La mission du colibri
Publié le 10 Février 2026
de Susana C. Otero (adaptations et illustration)
On dit qu'il y a de cela, tellement de lunes que personne ne se souvient du moment où les vastes terres Quechua ont souffert d'une terrible sécheresse, si terrible que les mousses et les lichens ont séché de telle manière qu'ils se sont transformés en poussière, le manque d'eau a affecté toutes les espèces, même si les roches sèches craquaient et se fissuraient.
L’air chaud devenait irrespirable et à mesure que les espèces qui fournissaient verdure et ombre disparaissaient, le paysage apparaissait stérile et menaçant.
Si les rayons du soleil ne cédaient pas la place aux nuages gris pour laisser la pluie bénie arroser la région, toutes les plantes et tous les animaux mourraient.
Face à de tels ravages, une seule espèce a résisté, avec un entêtement opiniâtre, elle n'avait pas besoin de beaucoup d'eau pour survivre dans le désert aride, c'était la plante que tout le monde appelait Qantu.
Malgré sa force pour croître et s'épanouir dans des conditions très pauvres comme le désert, la plante a commencé à perdre de sa luxuriance et il était imminent qu'elle se dessèche, voyant que sa vie s'éteignait, elle a mis toute sa vigueur dans le dernier bourgeon. .

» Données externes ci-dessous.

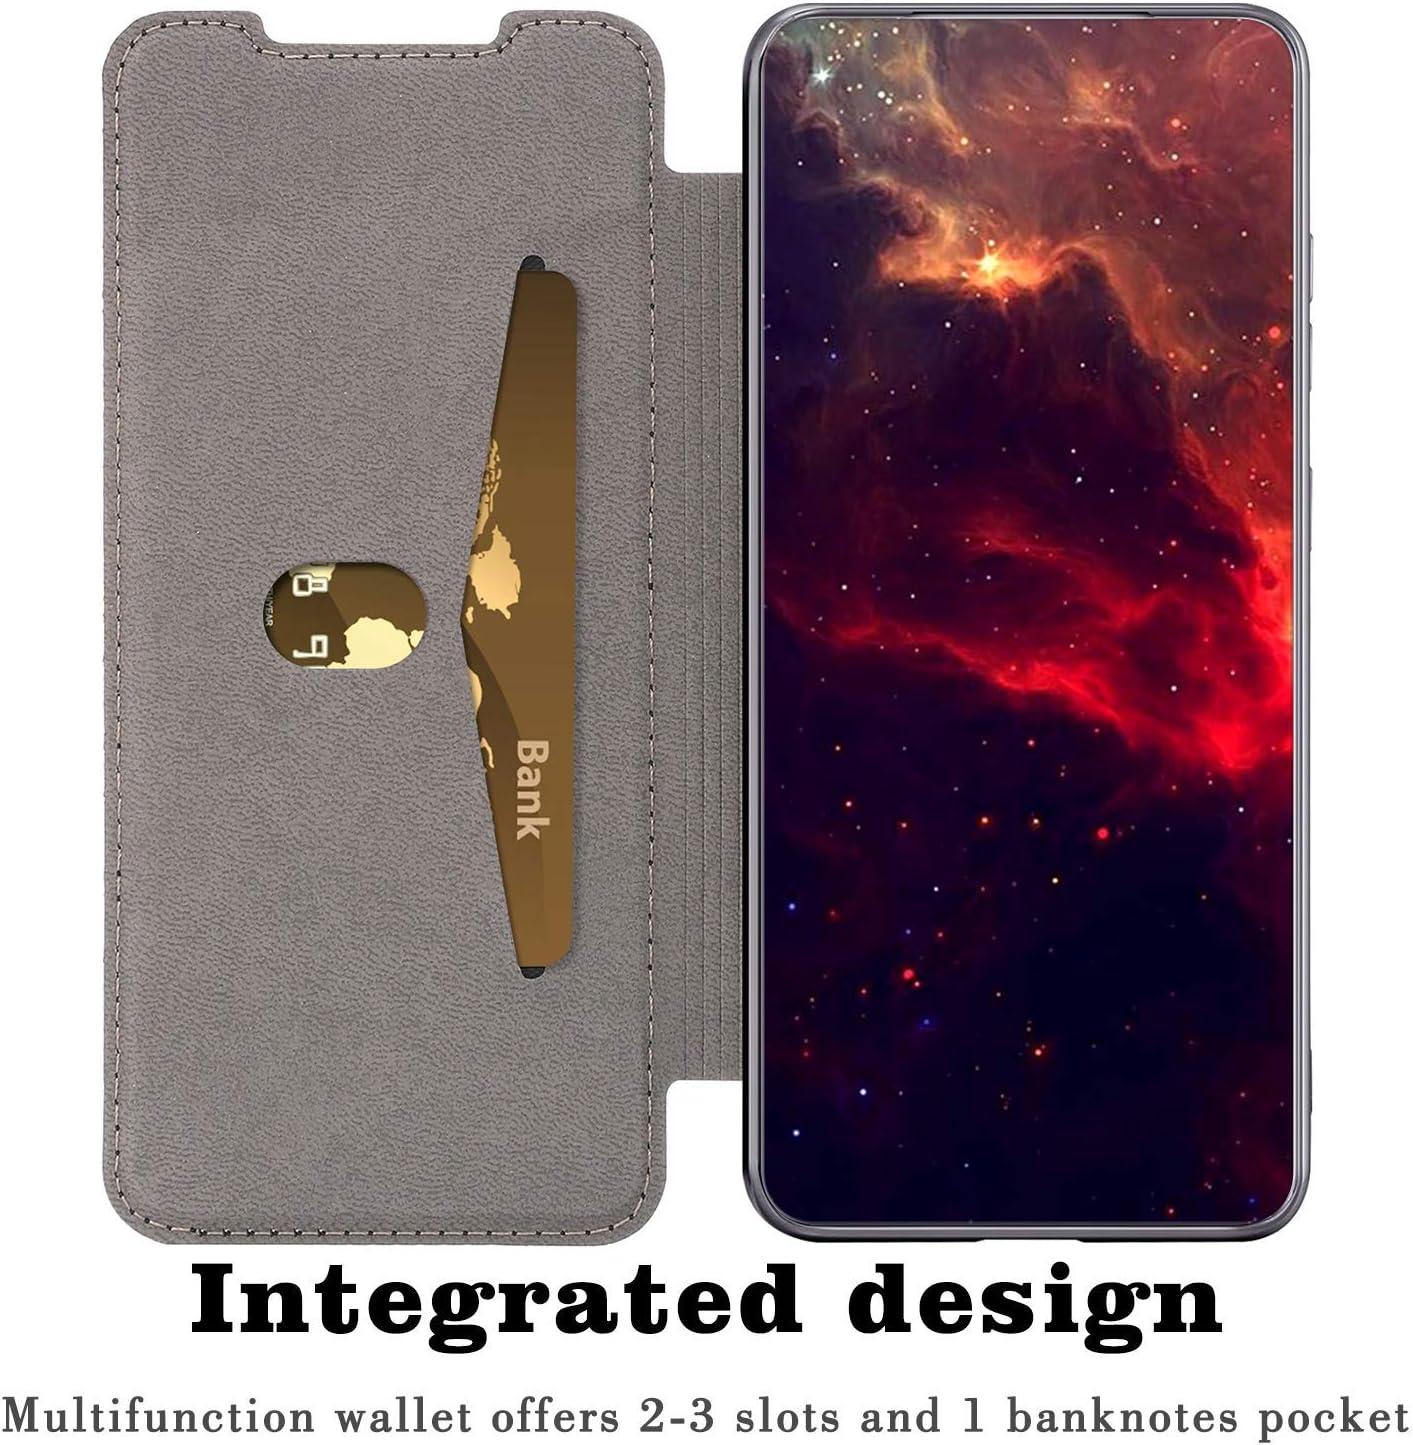 Glitzer H/ülle f/ür Samsung Galaxy A71 H/ülle Ledertasche,Galaxy A71 Lederh/ülle Handyh/ülle Wallet Brieftasche Flip Tasche Schutzh/ülle,Bling Gl/änzend Flip H/ülle Handy Tasche H/ülle Cover,Gold

L'effort de Qantu n'a pas été vain puisque cette fleur a subi une transformation inimaginable.
Bien que la chaleur infernale ait évaporé chaque goutte de rosée, pendant la nuit, le jeune arbre a pris des formes et des couleurs incroyables.

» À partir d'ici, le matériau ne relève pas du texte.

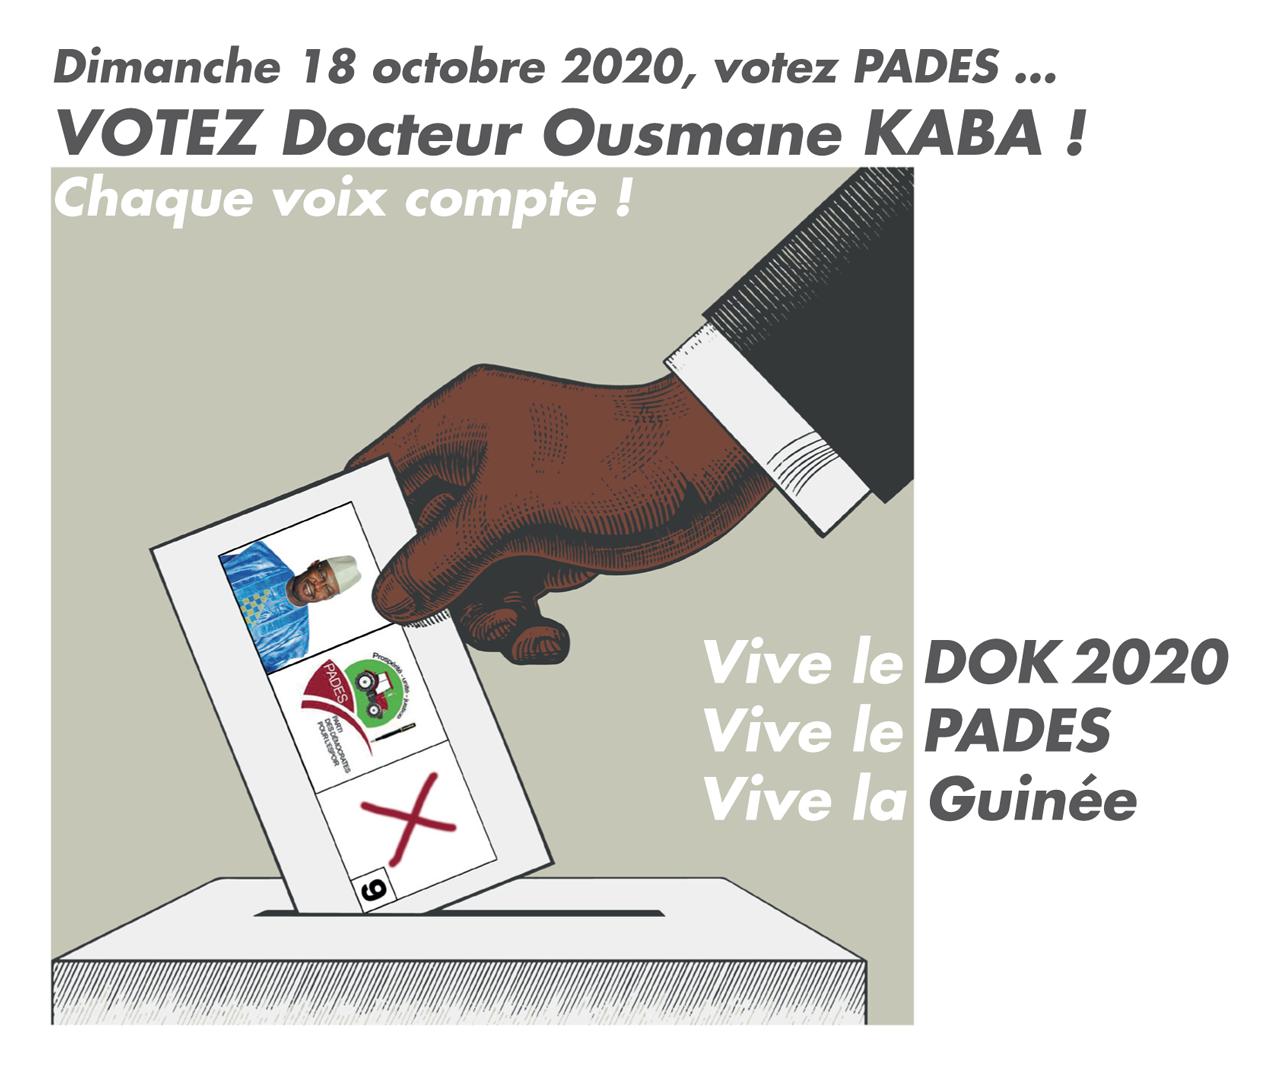 Dimanche 18 octobre 2020, votez PADES … VOTEZ Docteur Ousmane KABA ! Chaque voix compte ! Vive le DOK 2020 ! Vive le PADES ! Vive la Guinée !

Lorsque les premiers rayons du soleil sont arrivés, la fleur s'est détachée de la tige et avant de toucher le sol sec, elle a pris son envol transformée en un petit colibri coloré et lumineux.
Le petit oiseau prit un vol rapide et, bourdonnant, s'est dirigé vers les hautes chaînes de montagnes, traversant la surface des vallées verdoyantes et des plaines profondes, mais, malgré sa soif, il vola de plus en plus haut, de plus en plus loin, de plus en plus loin.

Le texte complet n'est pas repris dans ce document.